Please contact Evil Stepmom at ESM@evilstepmom.org with your questions or ideas about stepfamily living with 17-30 year olds.

 



Dear Evil Stepmom
What If My Stepdaughter Doesn't Want to Get to Know Me?

Dear Evil Stepmom,

My nineteen-year-old stepdaughter doesn’t want to get to know me. When she comes to stay at holidays or in the summer, we end up avoiding each other because she won’t talk to me. She gives one-word answers to my questions, barely acknowledges my coming and going from the house, and speaks to me only enough to keep her dad off her back at the dinner table. I’ve tried really hard, but lately I find myself giving up and going to my bedroom with a book shortly after dinner. I don’t dislike her – I just can’t make contact with her. I’m not trying to replace her mom; I’m only trying to get to know her so that she—and I—can be comfortable in our home. I’m thinking about inviting her on a trip, just the two of us, to break the ice. What do you think?

Signed,

Trying in Boston

Dear Trying,

Thank you for your question. I find myself wondering where your husband is in this situation. While your stepdaughter doesn’t have to be friends with you, I hope her father is gently and firmly insisting that she treat you with respect, and that she use good manners in your home. He also needs to be communicating to her the norms and standards you and he have developed in your new family. For example, “in our house we say, ‘good morning’ to one another.’” He shouldn’t embarrass her, but he does need to make any new expectations of civility concrete and clear to her. Good manners are social lubricant, and exist to help us through sticky situations. This awkward getting-to-know-you period is a great opportunity for everyone in the family to practice their best social skills.

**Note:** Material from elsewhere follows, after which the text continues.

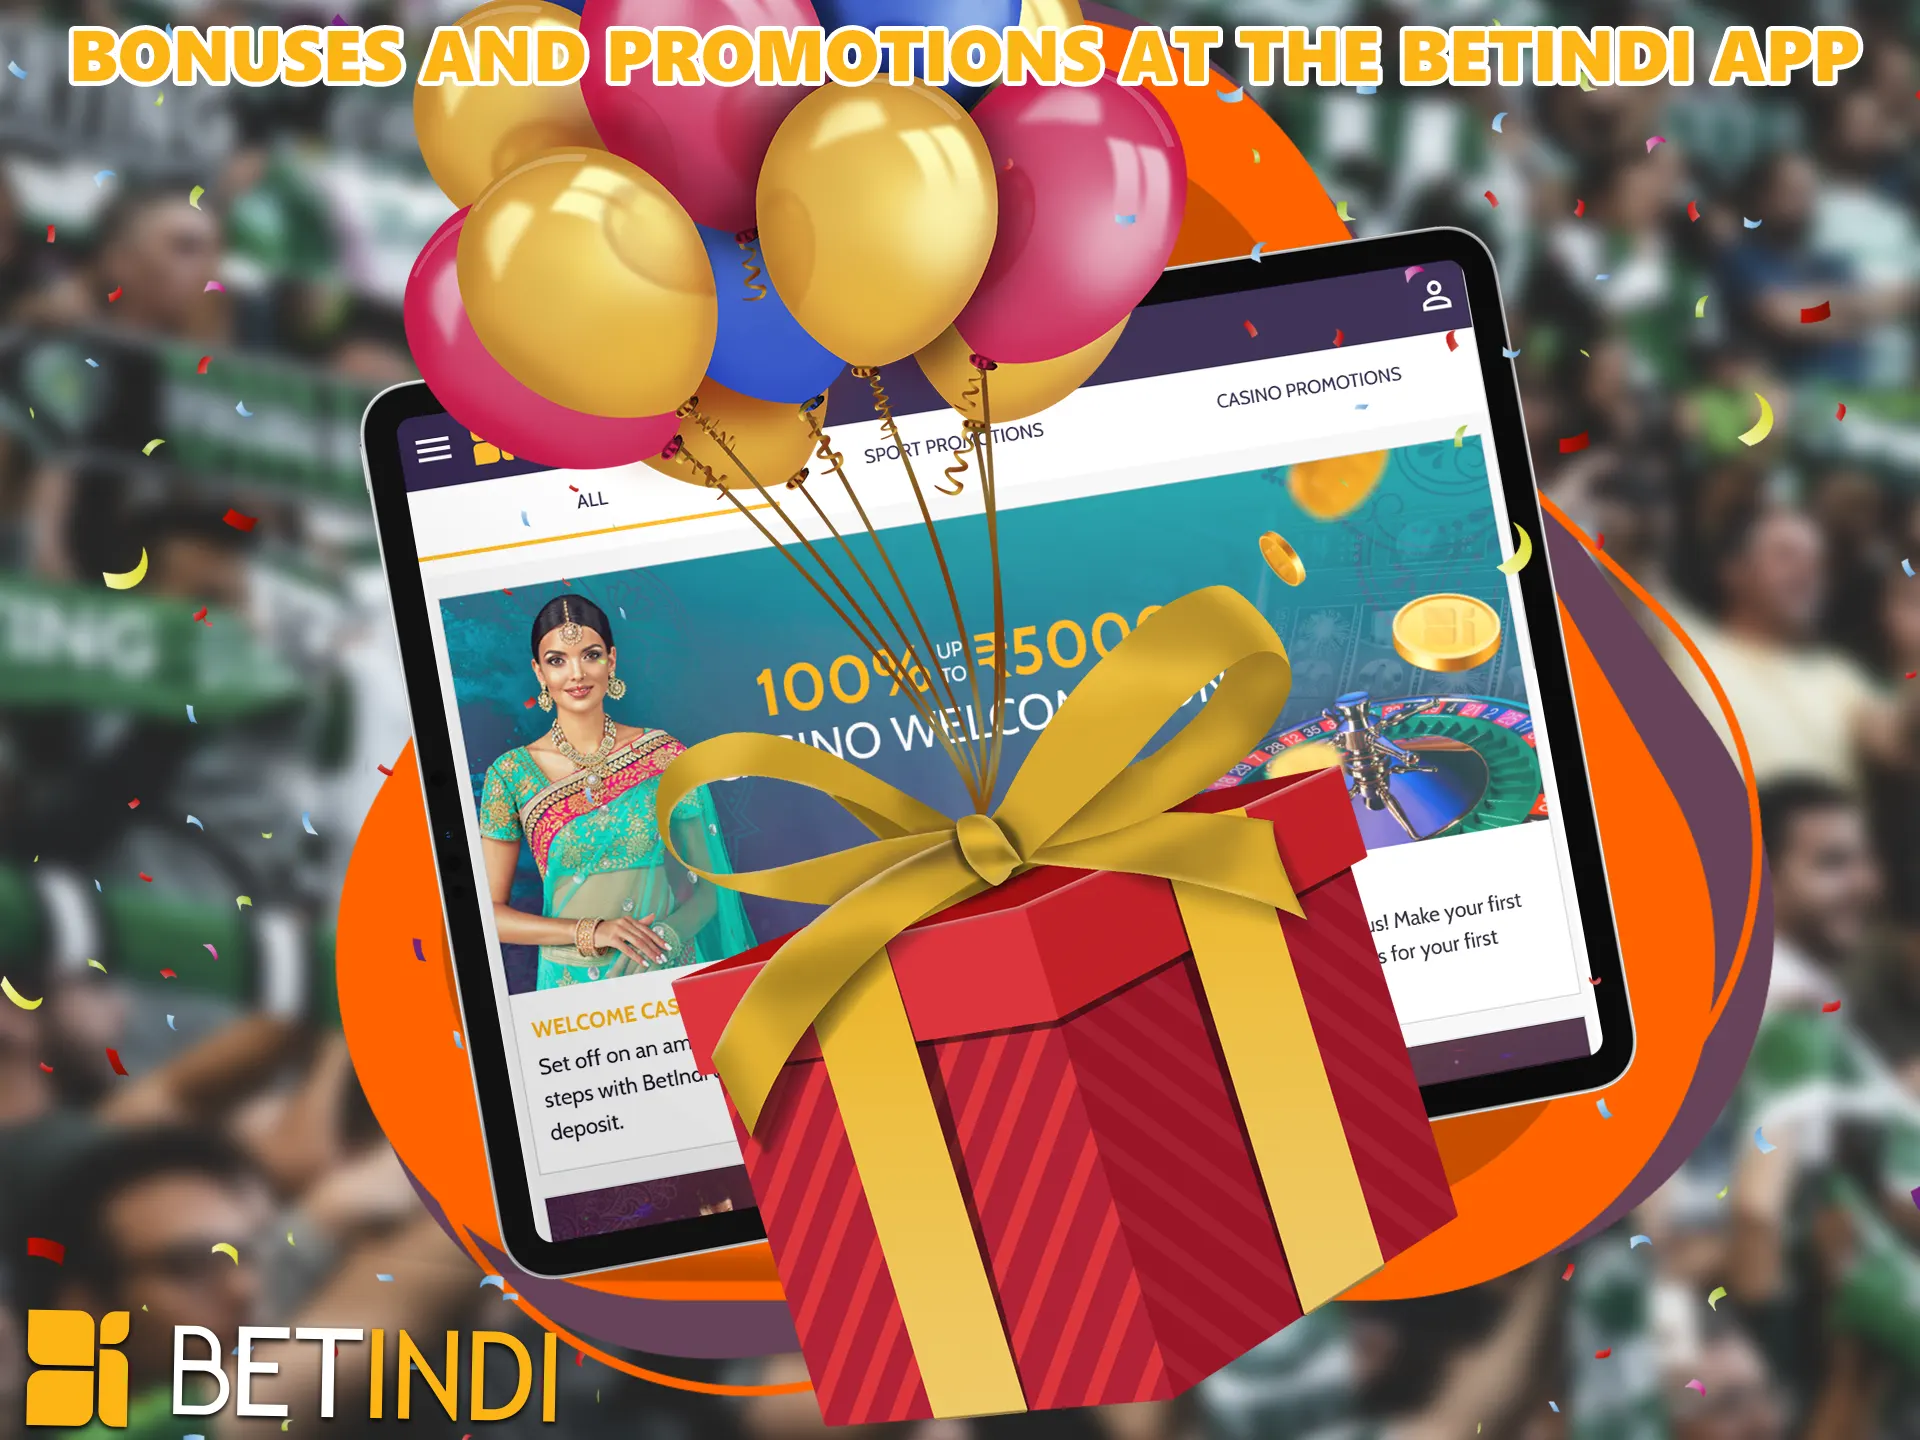 It is very difficult to replace the difference between the application and the site, both versions give generous BetIndi bonuses.

What you can do is keep your focus on building a functioning stepfamily; it’s one of the most important things you can think about right now. In functioning stepfamilies, everyone works to contribute to the well being of the whole, everyone looks after their own stuff (messes, laundry, etc.) and each member gets treated with respect. Your stepdaughter can avoid talking to you – that’s her choice – but she can’t get out of cooking or grocery shopping with you, washing dishes with you, or raking leaves with you. Invite her to help out, and worry less about building a friendship with her than creating a working household while she’s there.

I like your idea about getting away with her—it puts you both in a new environment, and on neutral ground. For now, though, a trip would likely be too much intimacy, too soon. Imagine it: three days at a spa, just the two of you, staring at each other 24/7. For one thing, it’s a whole lot of togetherness. More important though, it’s a privilege. Stepfamily members don’t get the rewards of membership until they become participating members in the family. To treat her to a trip now would be to reward and reinforce bad behavior. Though you can’t punish a person into respecting you, neither should you reward the fact that she is not treating you respectfully.

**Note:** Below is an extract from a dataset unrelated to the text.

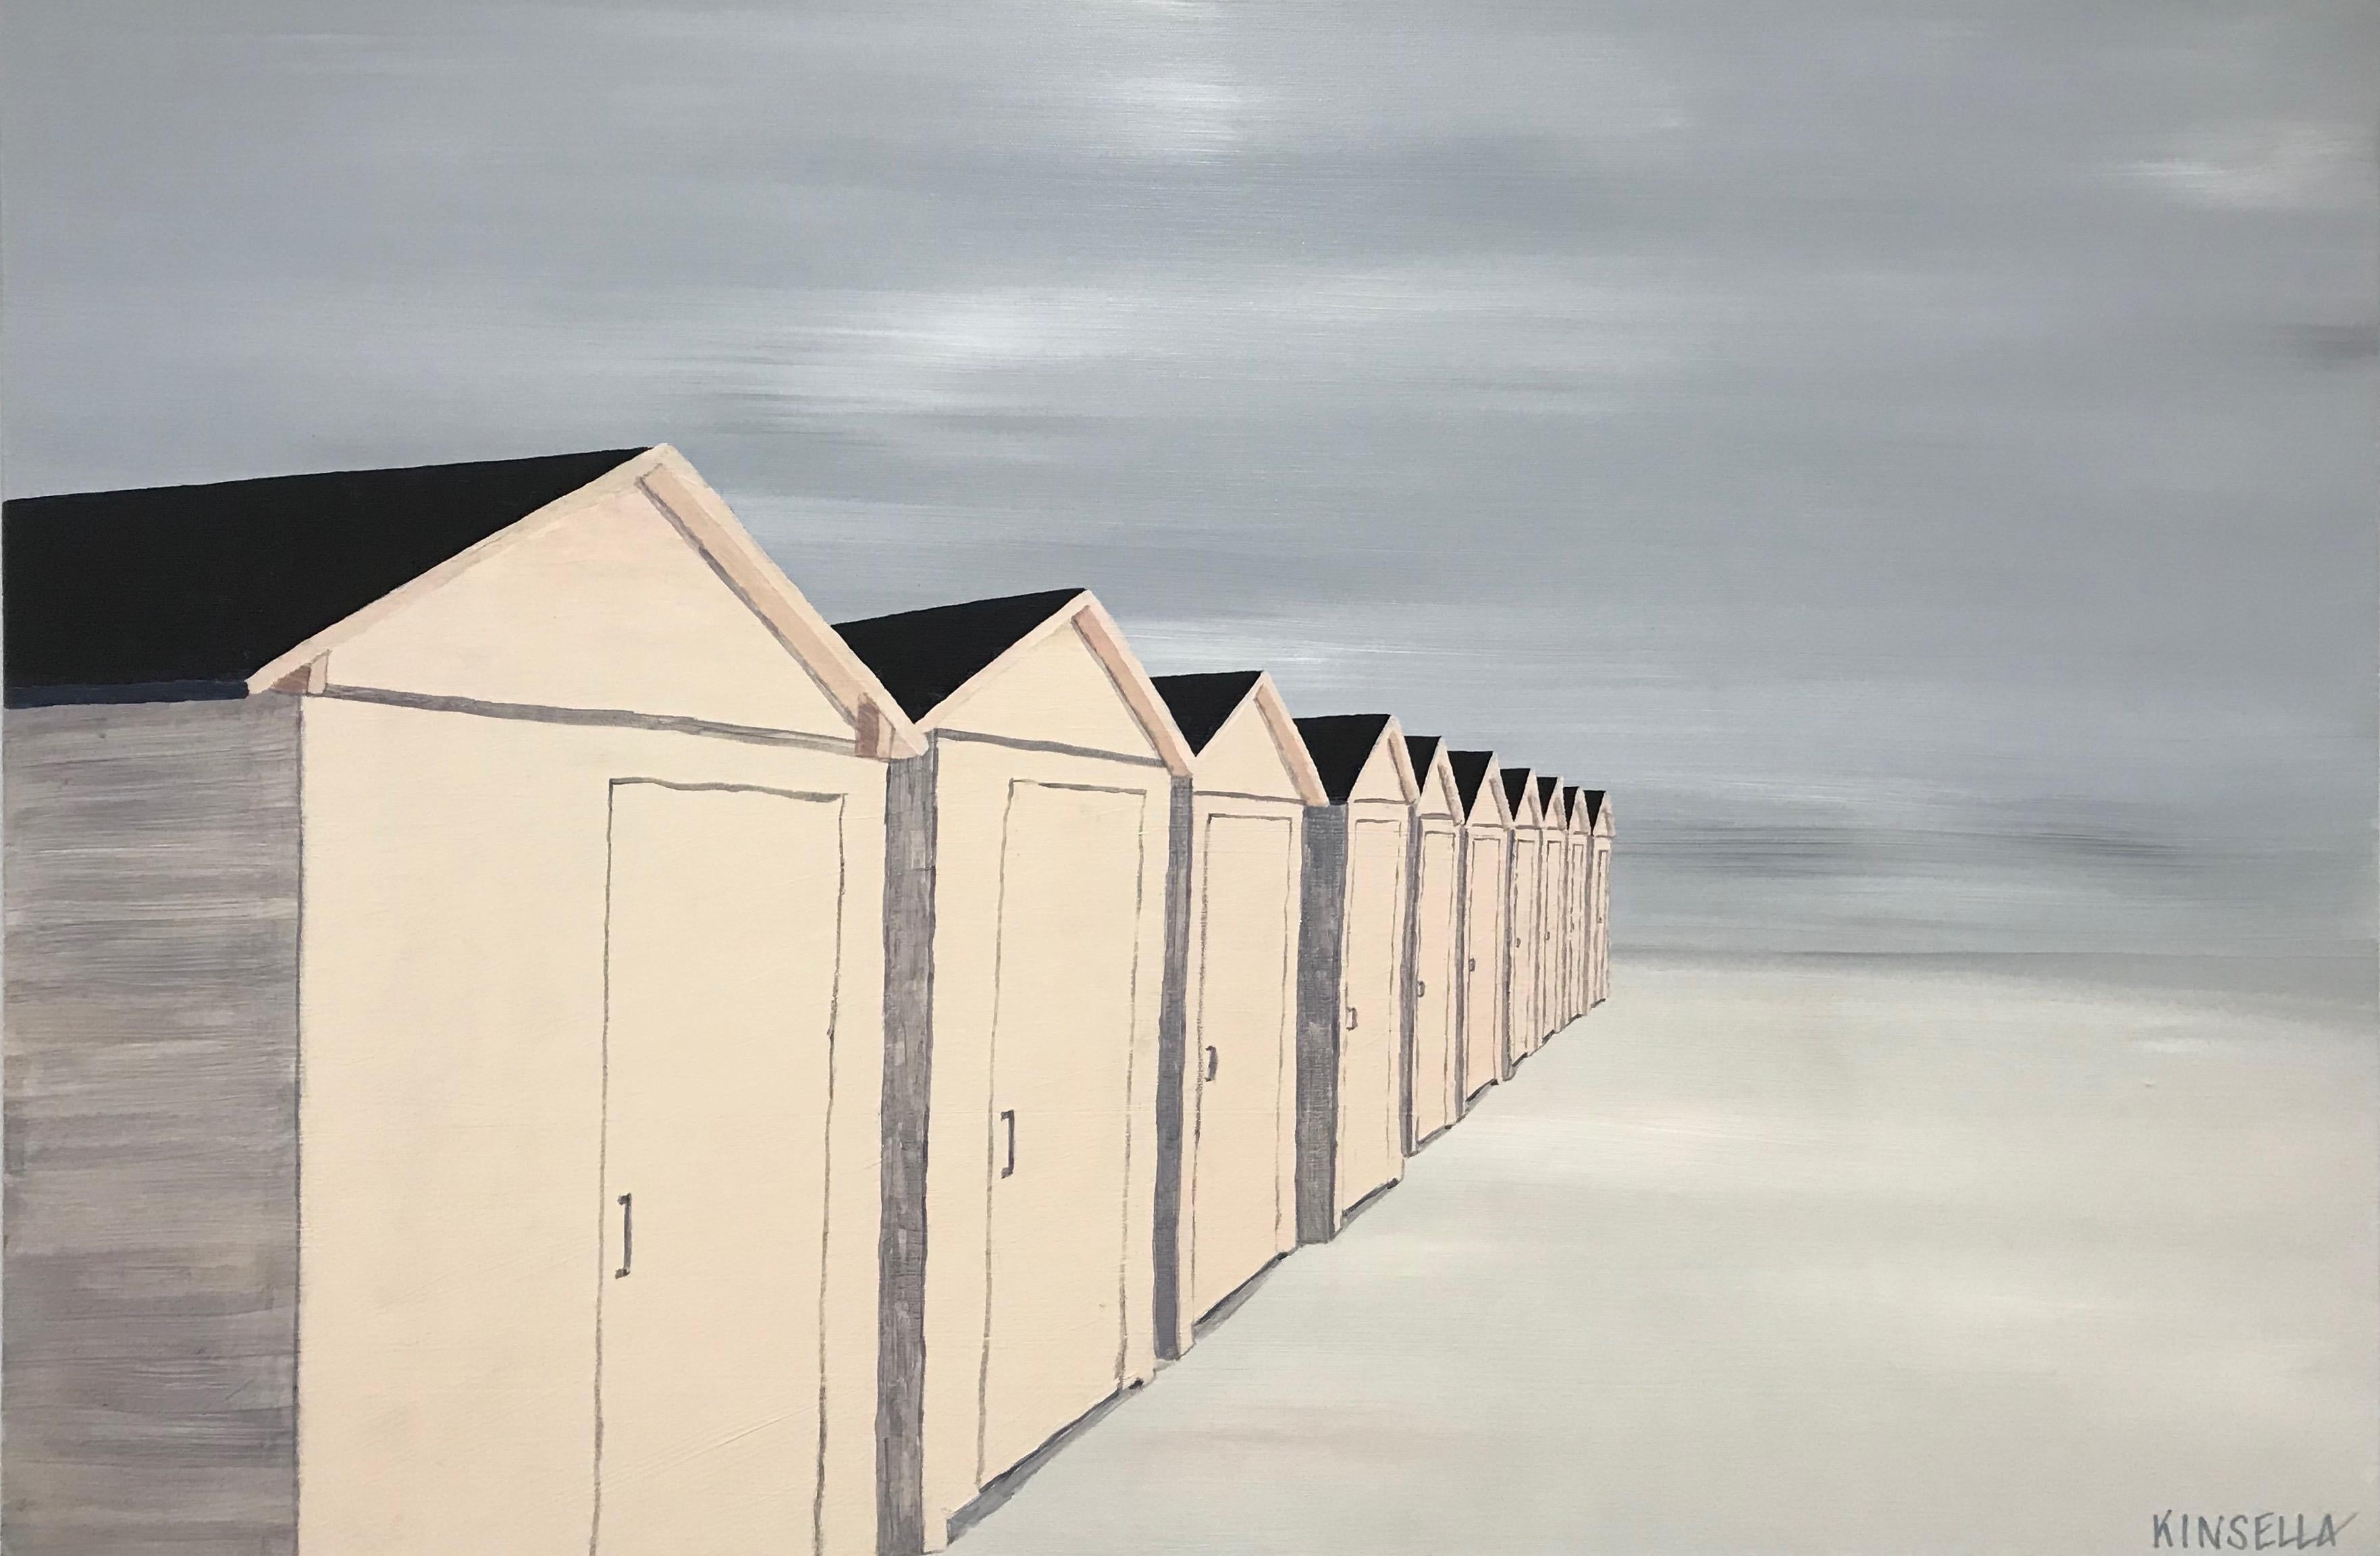 'La Couleur du Soir' is a realist horizontal oil on canvas beach painting created by American artist Susan Kinsella in 2018. Featuring a soft palette mostly made of beige, light grey and black color, the painting exudes an undeniable air of

So put the trip idea on hold for a while and think “baby steps.” Invite her to go for a walk with you to check out a neighbor’s fabulous new landscape project. Take her to the bookstore on a research errand. Look for small pieces of time alone with her when there’s something to do or somewhere to go instead of sitting around talking. One adult stepdaughter who lived away at college when her father remarried told me that she and her new stepmother used to tend the garden together whenever she was home on a visit. She described it as a fun, low-pressure way for them to get to know each other.

Young adults whose parents have remarried have a lot of tumultuous and confusing feelings. She may be taking out some ambivalence, anger or frustration on you, or she may be trying to punish you for what she sees as a failure on her dad’s part. It doesn’t matter why she’s acting the way she’s acting. He’s the parent, you’re his wife, and together you two need to agree on and act on your leadership of the household. She’s still quite young, and needs all the good, steady, thoughtful parenting and stepparenting you two can provide.